Begin at the line below that holds "St Patrick's Day Food Ideas" and end at the line that holds "11 Green Food Ideas For St Patrick s Day", transcribing each line exactly and skipping any picture.

* **SOURCE DATA**
= = = =

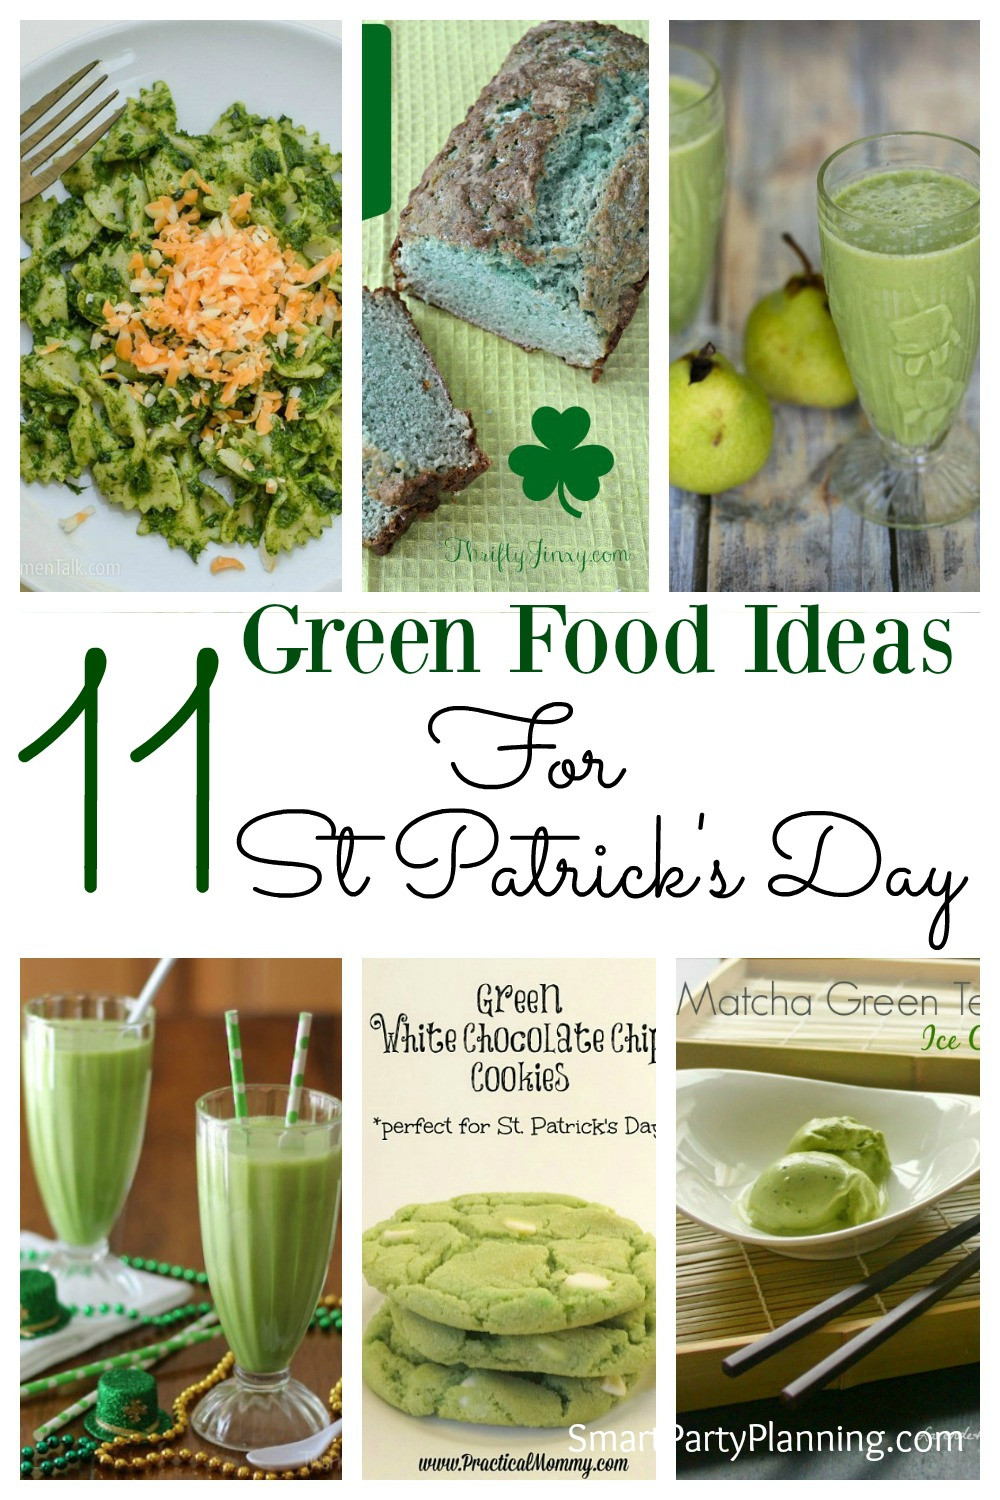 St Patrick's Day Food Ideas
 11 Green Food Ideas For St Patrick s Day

= = = =

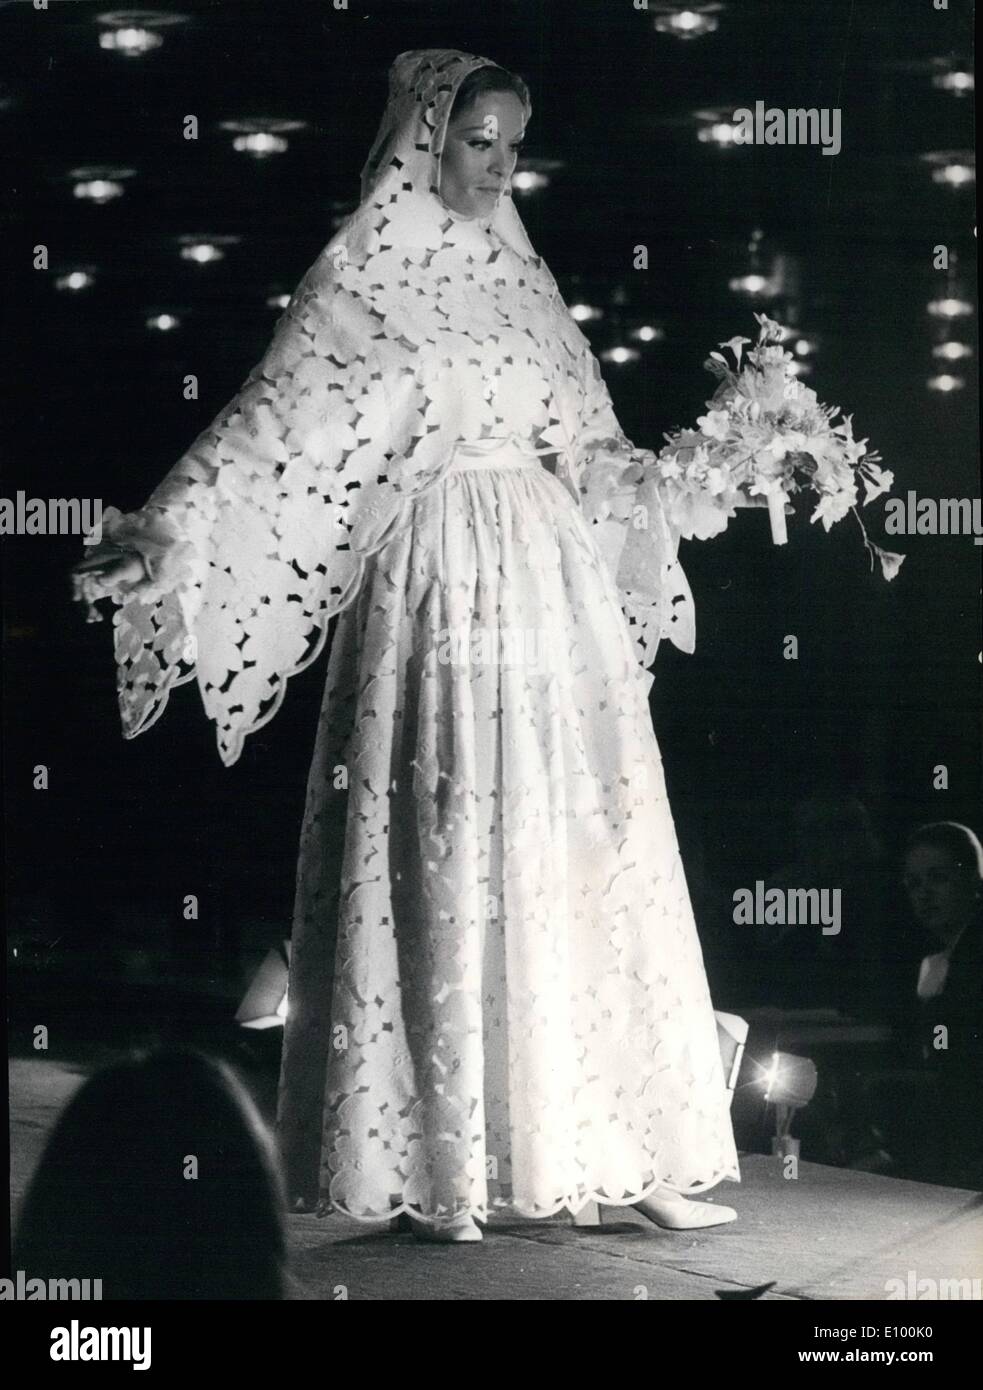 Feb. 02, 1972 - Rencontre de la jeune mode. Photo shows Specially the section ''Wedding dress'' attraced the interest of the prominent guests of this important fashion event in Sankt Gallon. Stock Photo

= = = =

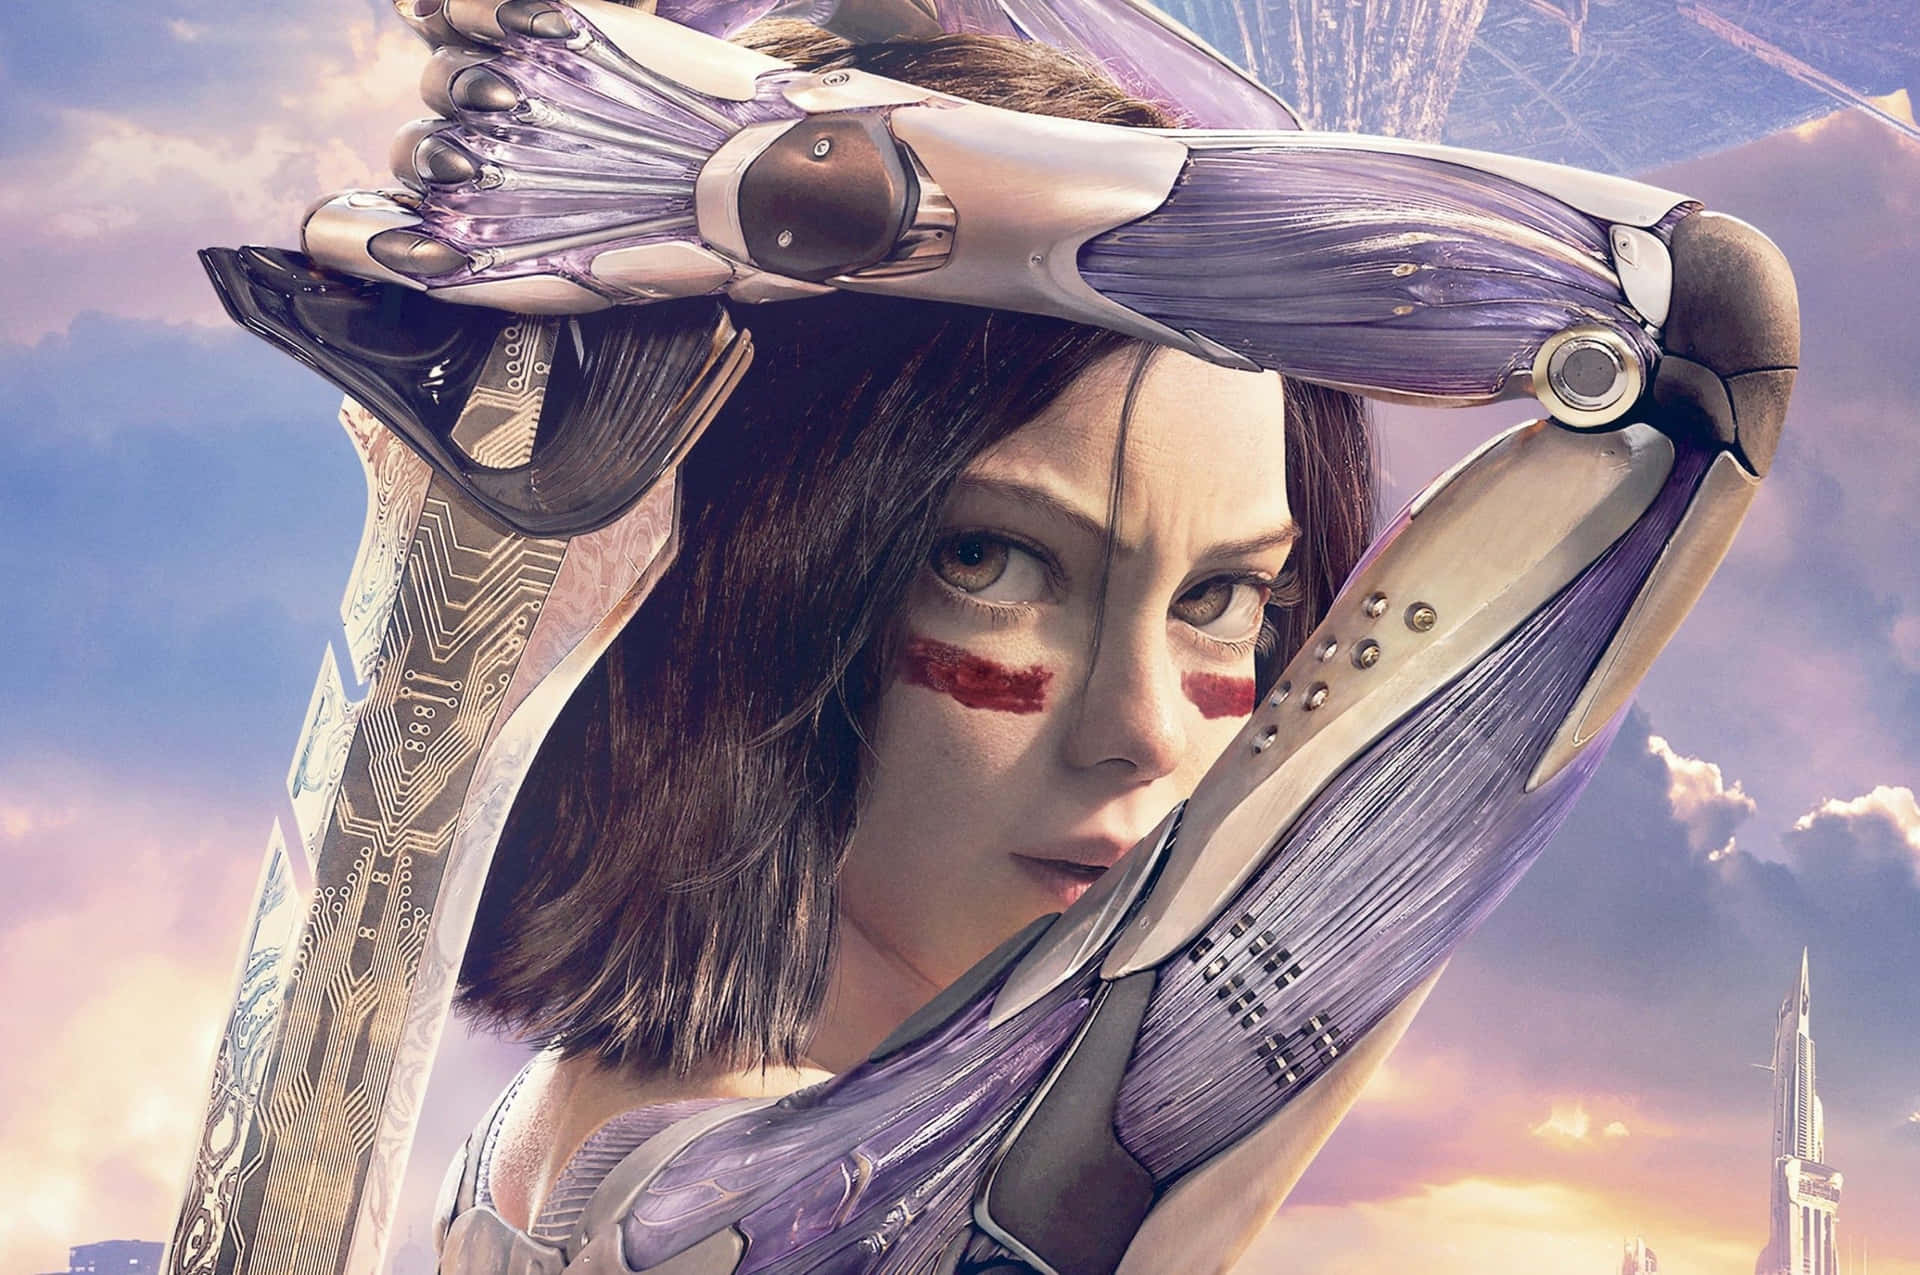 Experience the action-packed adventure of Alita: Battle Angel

= = = =

* **OUTPUT FOR THIS TASK**
 St Patrick's Day Food Ideas
 11 Green Food Ideas For St Patrick s Day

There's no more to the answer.